___ Data excerpt ___

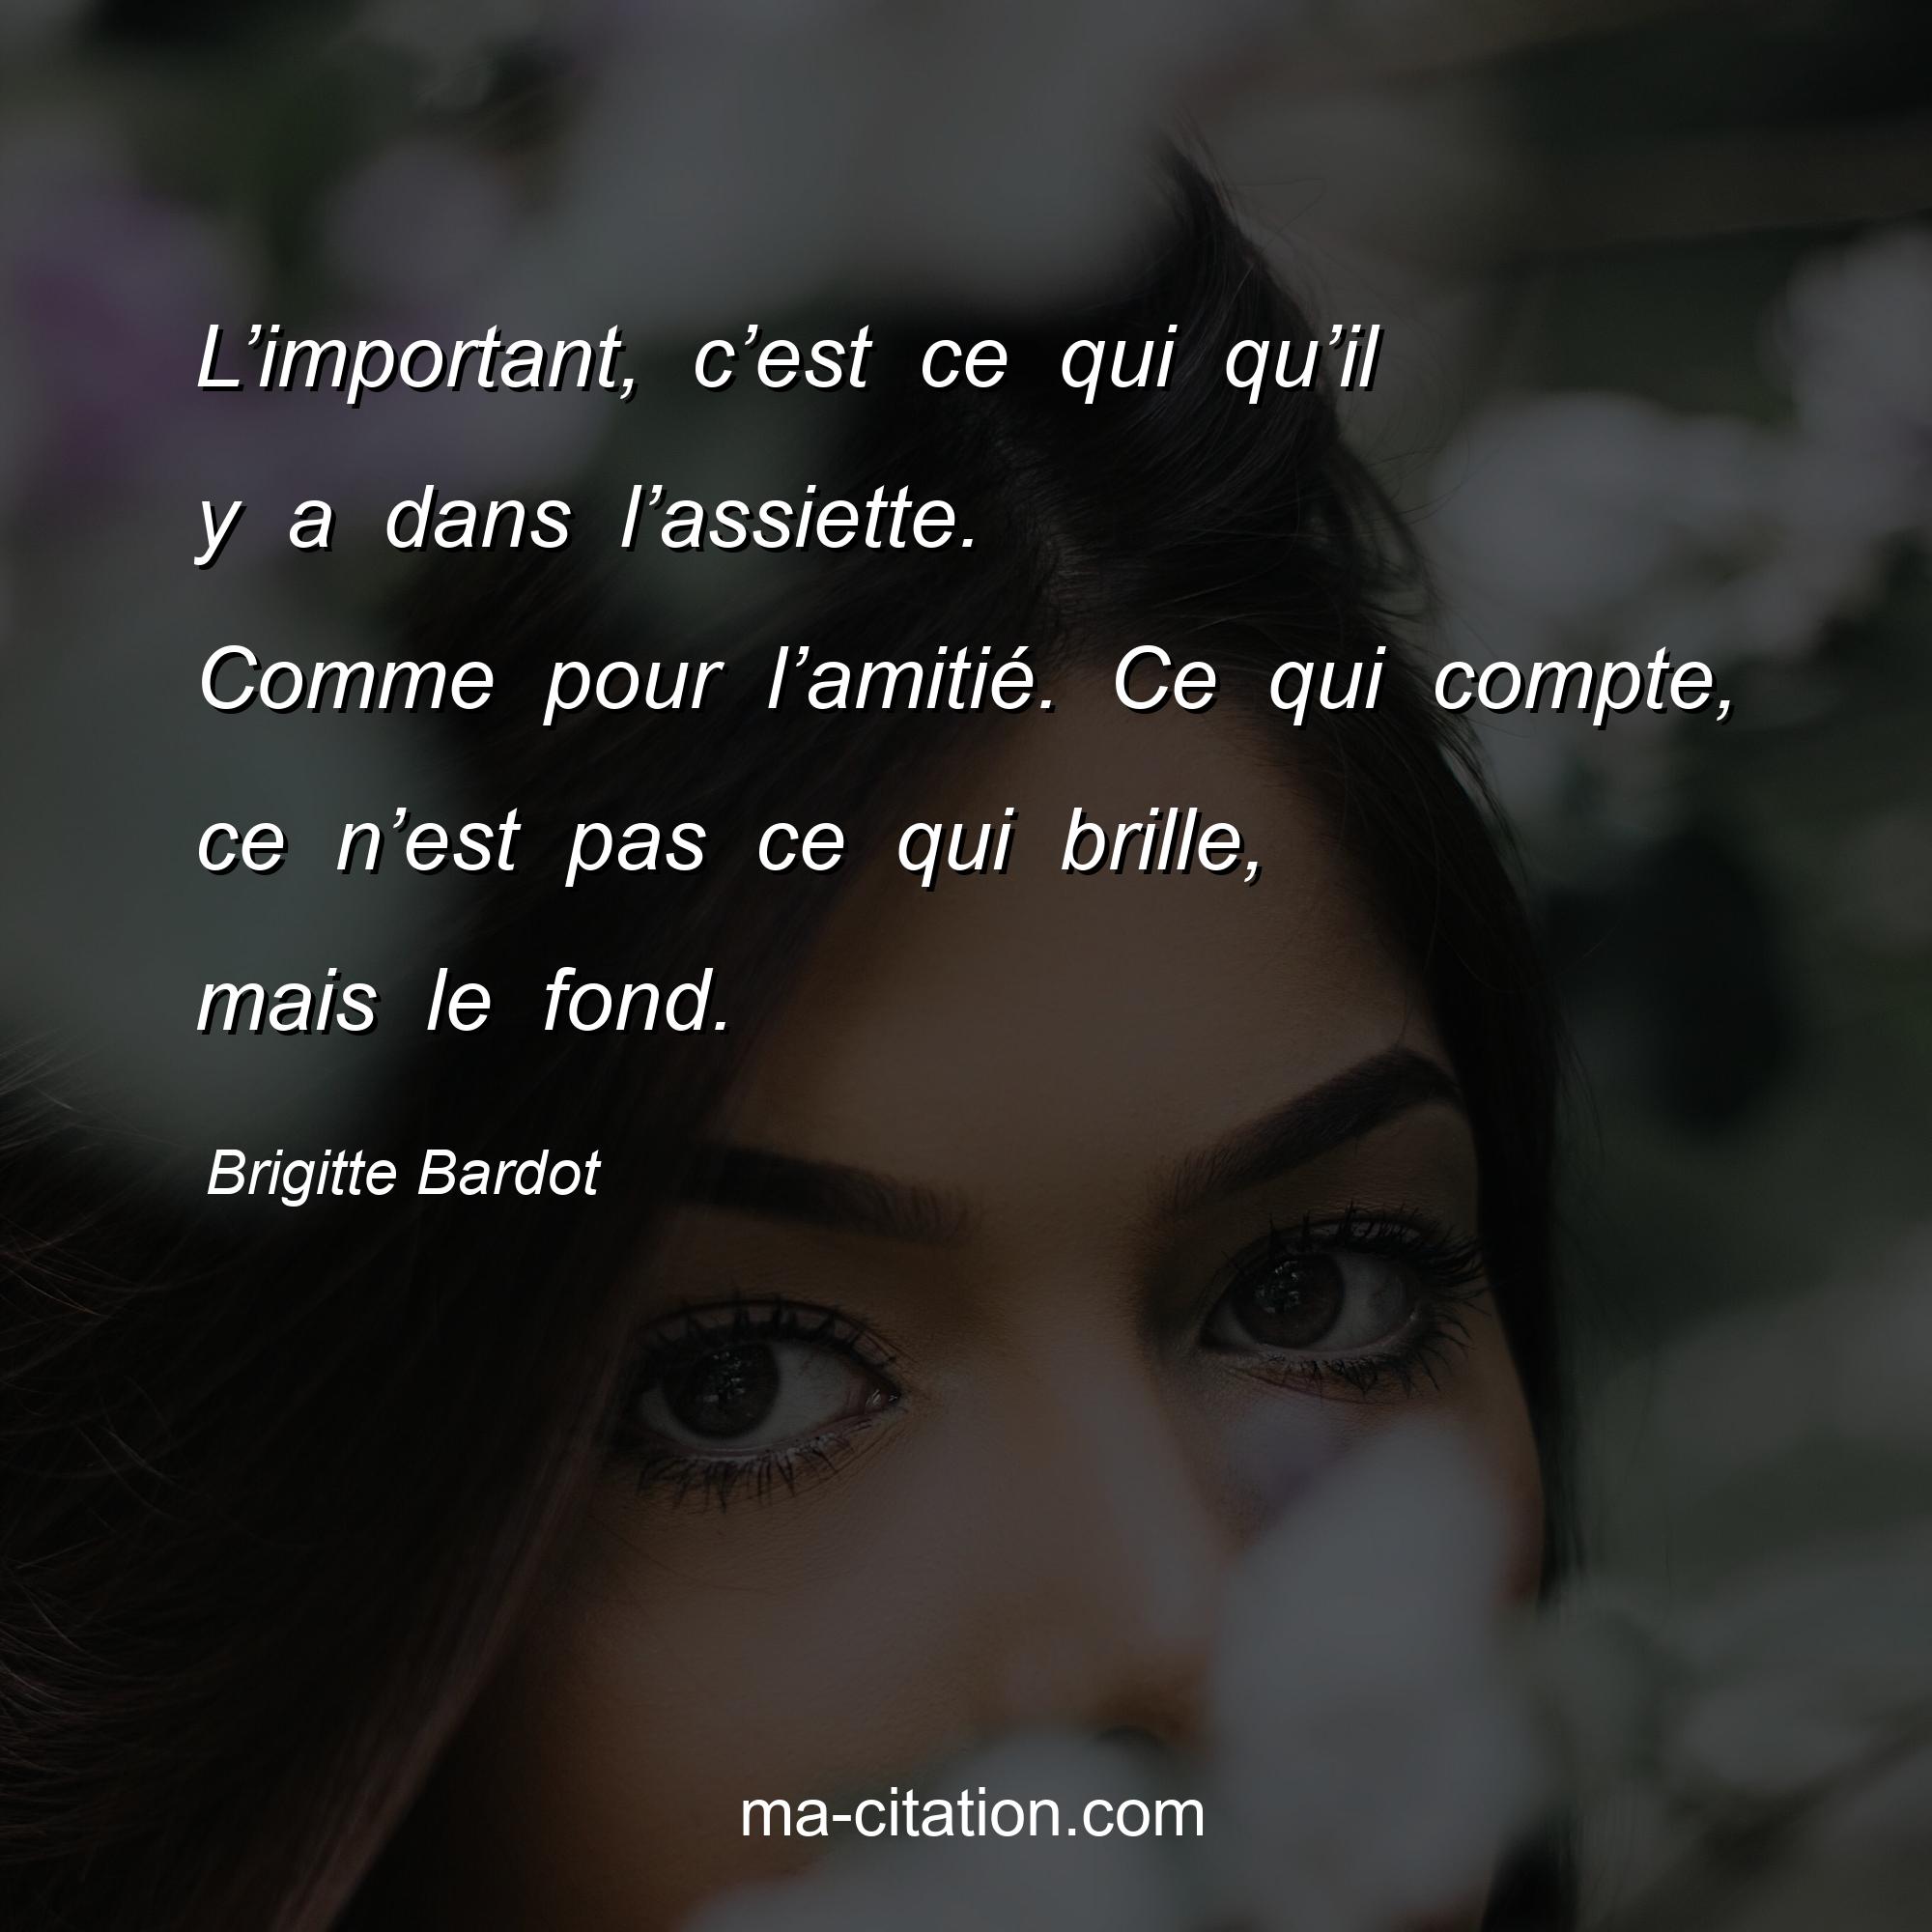 Brigitte Bardot : L’important, c’est ce qui qu’il y a dans l’assiette. Comme pour l’amitié. Ce qui compte, ce n’est pas ce qui brille, mais le fond.
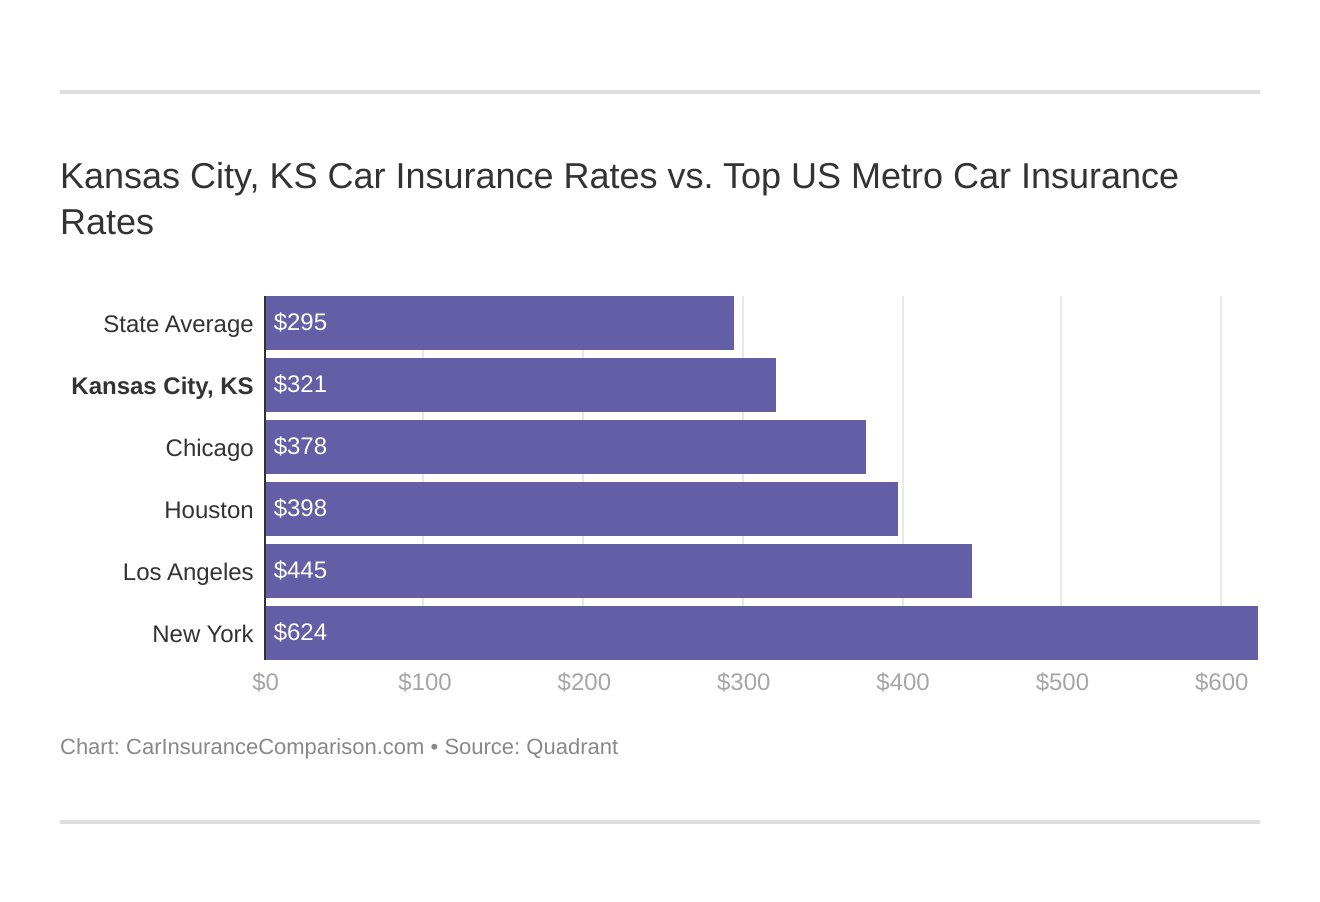 Kansas City, KS Car Insurance Rates vs. Top US Metro Car Insurance Rates
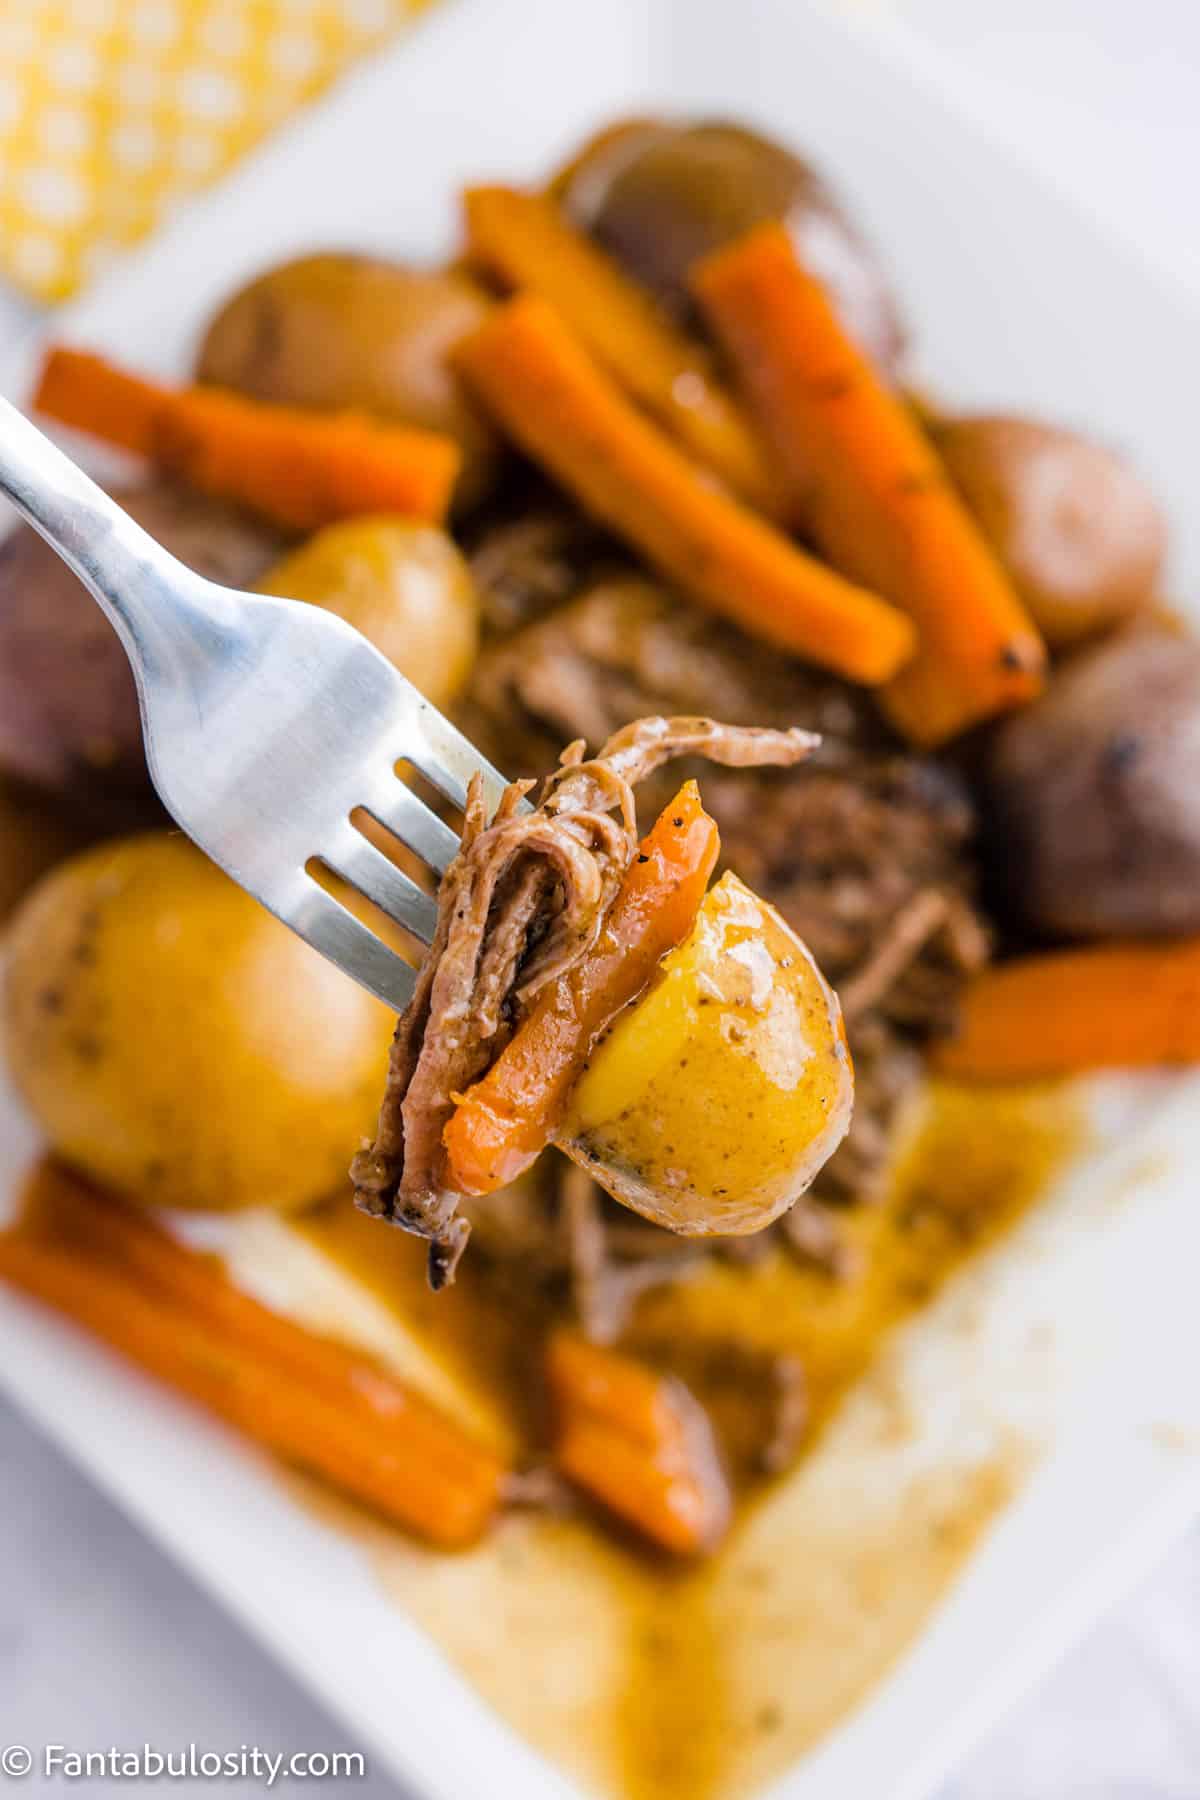 Tri tip roast with vegetables on fork

___

[Work instructions]
Restate the listing word for word, pictures excluded.

[Task solution]
 Brigitte Bardot : L’important, c’est ce qui qu’il y a dans l’assiette. Comme pour l’amitié. Ce qui compte, ce n’est pas ce qui brille, mais le fond.
 Kansas City, KS Car Insurance Rates vs. Top US Metro Car Insurance Rates
 Tri tip roast with vegetables on fork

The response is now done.